In contrast to conventional computer systems, adaptive systems that
integrate Machine Learning algorithms do not only process data, but try
to extract knowledge from the available data and apply this knowlege
for self-correction and -optimisation.
Machine Learning can be considered as an intersection of Computer
Science and Statistics. Whereas Computer Science has
focused primarily on how to manually program computers, Machine
Learning focuses on the question of
how to get computers to program themselves. Whereas Statistics already
deals with the problem of how to infer knowledge out of a given set of
data and some modelling assumptions, Machine Learning incorporates
additional questions about what computational architectures and
algorithms can be used to most effectively capture, store, index,
retrieve and merge these data. Machine Learning also applies results
and models from neuroscience and psychology
Machine Learning is an essential part of Artificial Intelligence.

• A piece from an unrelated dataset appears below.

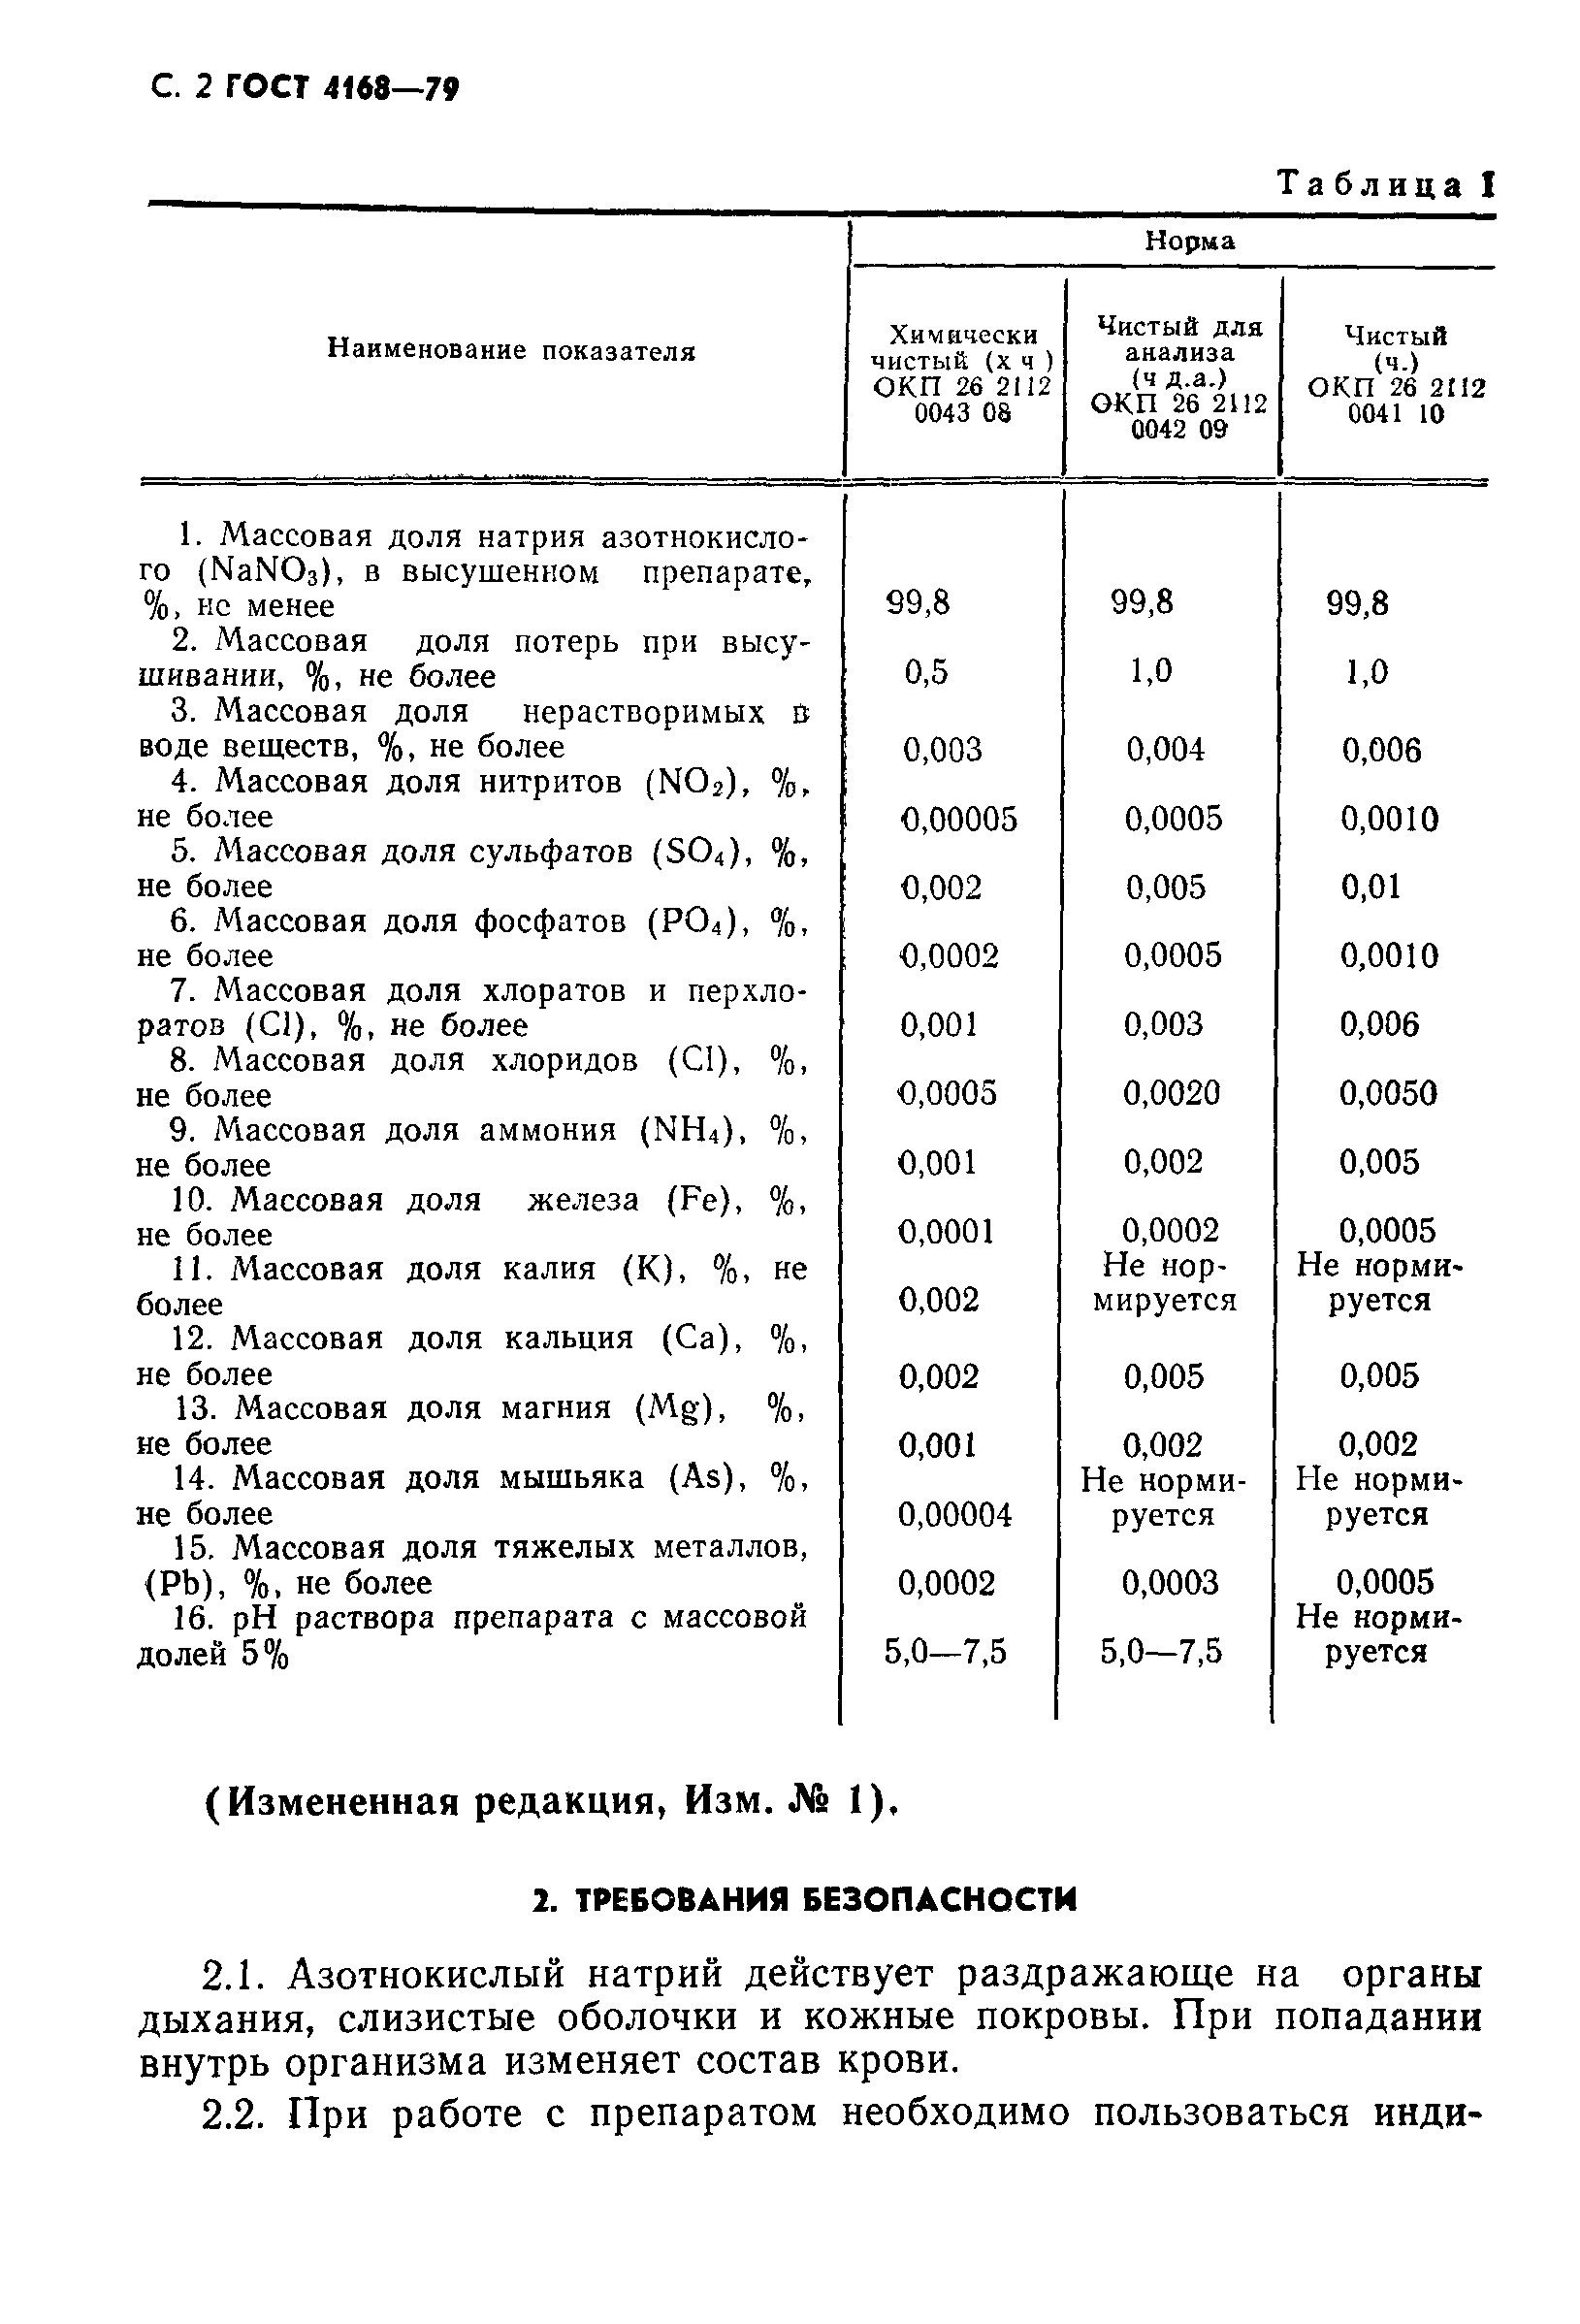 ГОСТ 4168-79

Data-/Web-Mining and Pattern Recognition can be considered as Machine
Learning applications. A more concrete but not complete list of
applications is:
- Robotics
- Marketbasket analysis, customer analysis and recommender systems
- Object Recognition (including character- speech- and face recognition) and Computer Vision
- Search Engines
- Sentiment Analysis, Opinion Mining
- Gaming
- Speech- and ImageCompression
- ...
The lecture aims to provide the necessary theory as well as insights into the most important applications of Machine Learning. In the excercises students learn to program algorithms and small applications. Python is applied for this programming since it is easy to learn and provides a bunch of helpful packages.

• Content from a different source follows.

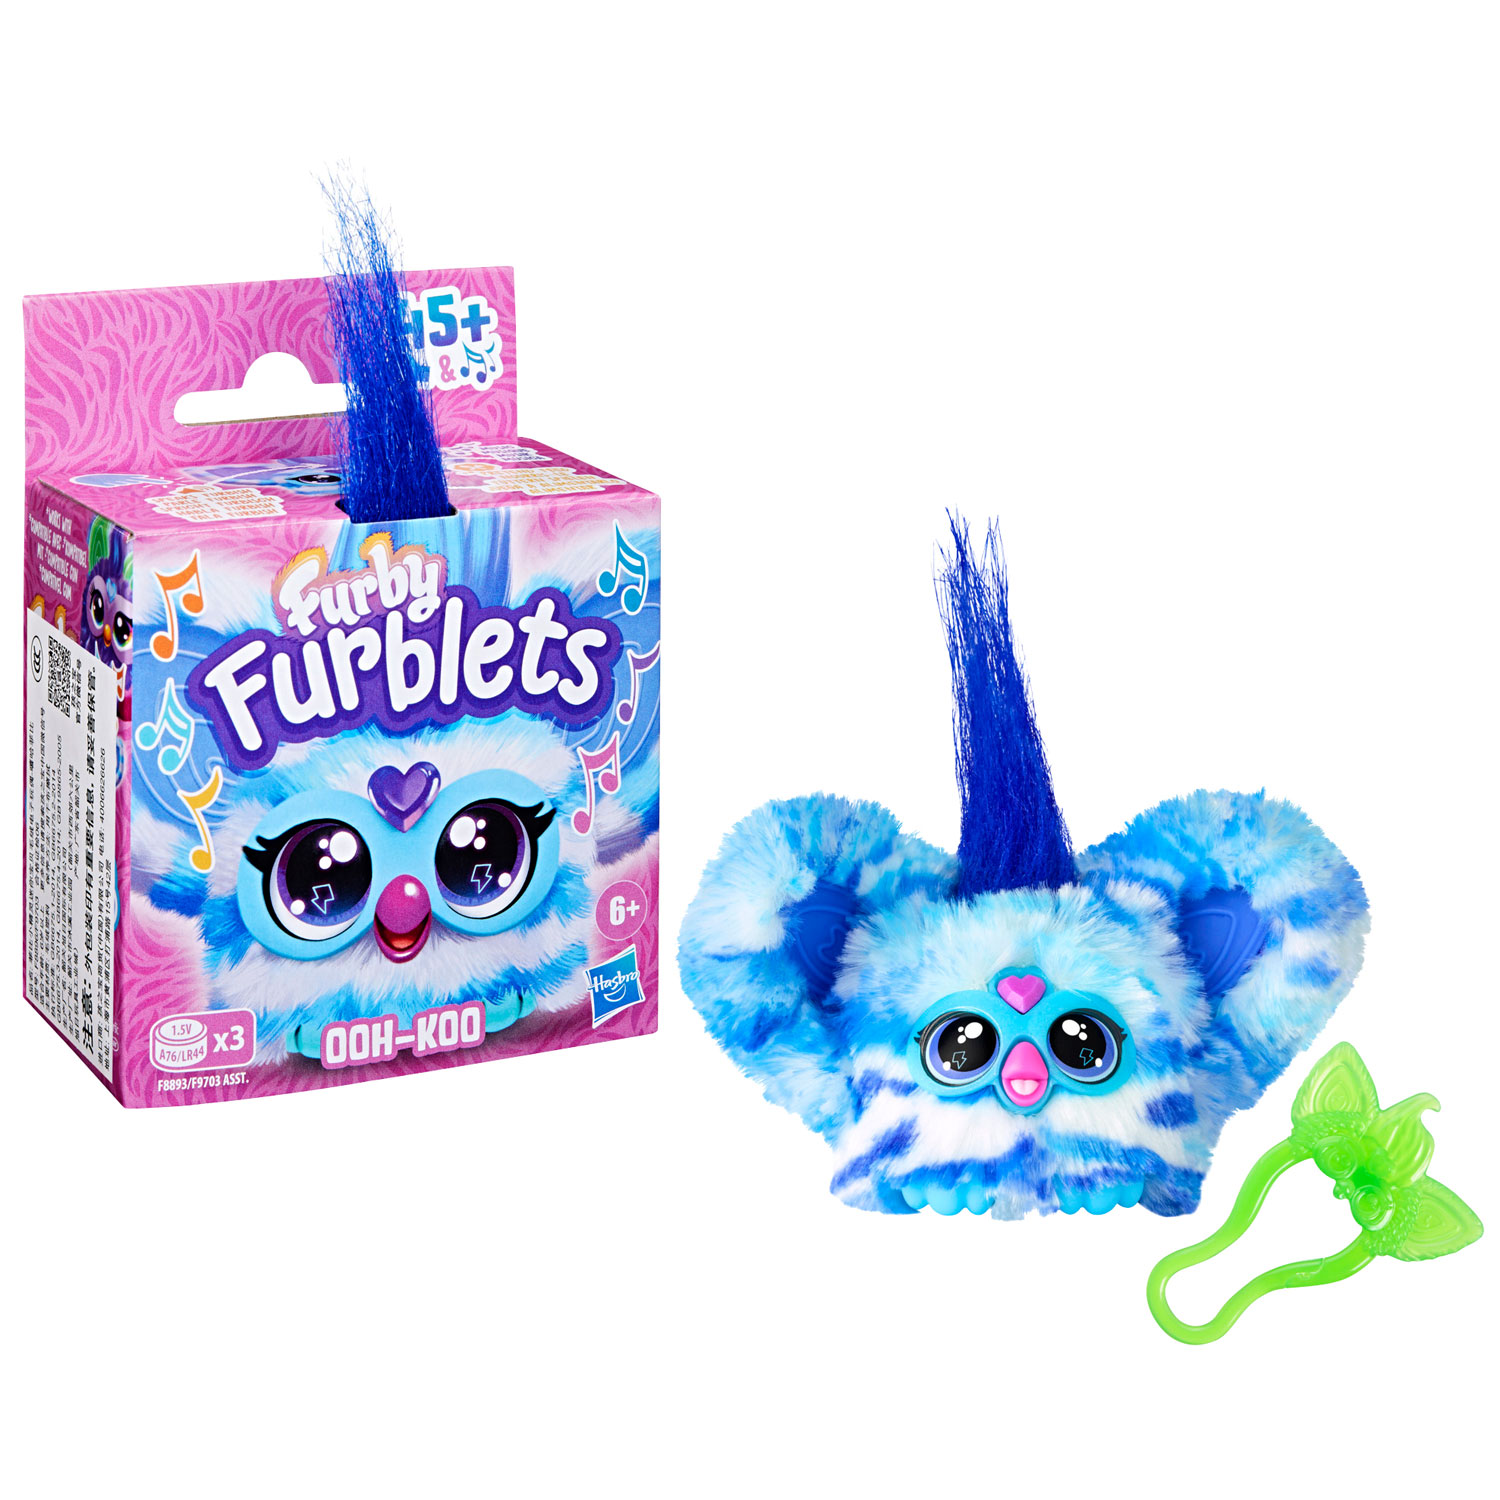 Hasbro Furby Furblets Ooh-Koo Electronic Plush Toy

The lecture is structured as follows
- Introduction, Overview and Categorisation
- Relations between Machine Learning, Artificial Intelligence and Data Mining
- Bayesian Learning Theory
- Neuronal Networks
- Support Vector Machines and Kernel Methods
- Learning Association Rules
- Cluster Analysis
- Feature Selection and Feature Extraction
- Learning with Sequential Data / Time-Series Prediction
- Local Modells
- Reinforcement Learning
An excerpt of applications, which will be programmed in the exercises:
- Recommender Systems
- Document Classification
- Predictions based on linear- and non-linear regression
- Character recognition
- Face recognition
- Colorspace transformation
- ...
In the first exercise an introduction into the basic concepts of Python will be provided.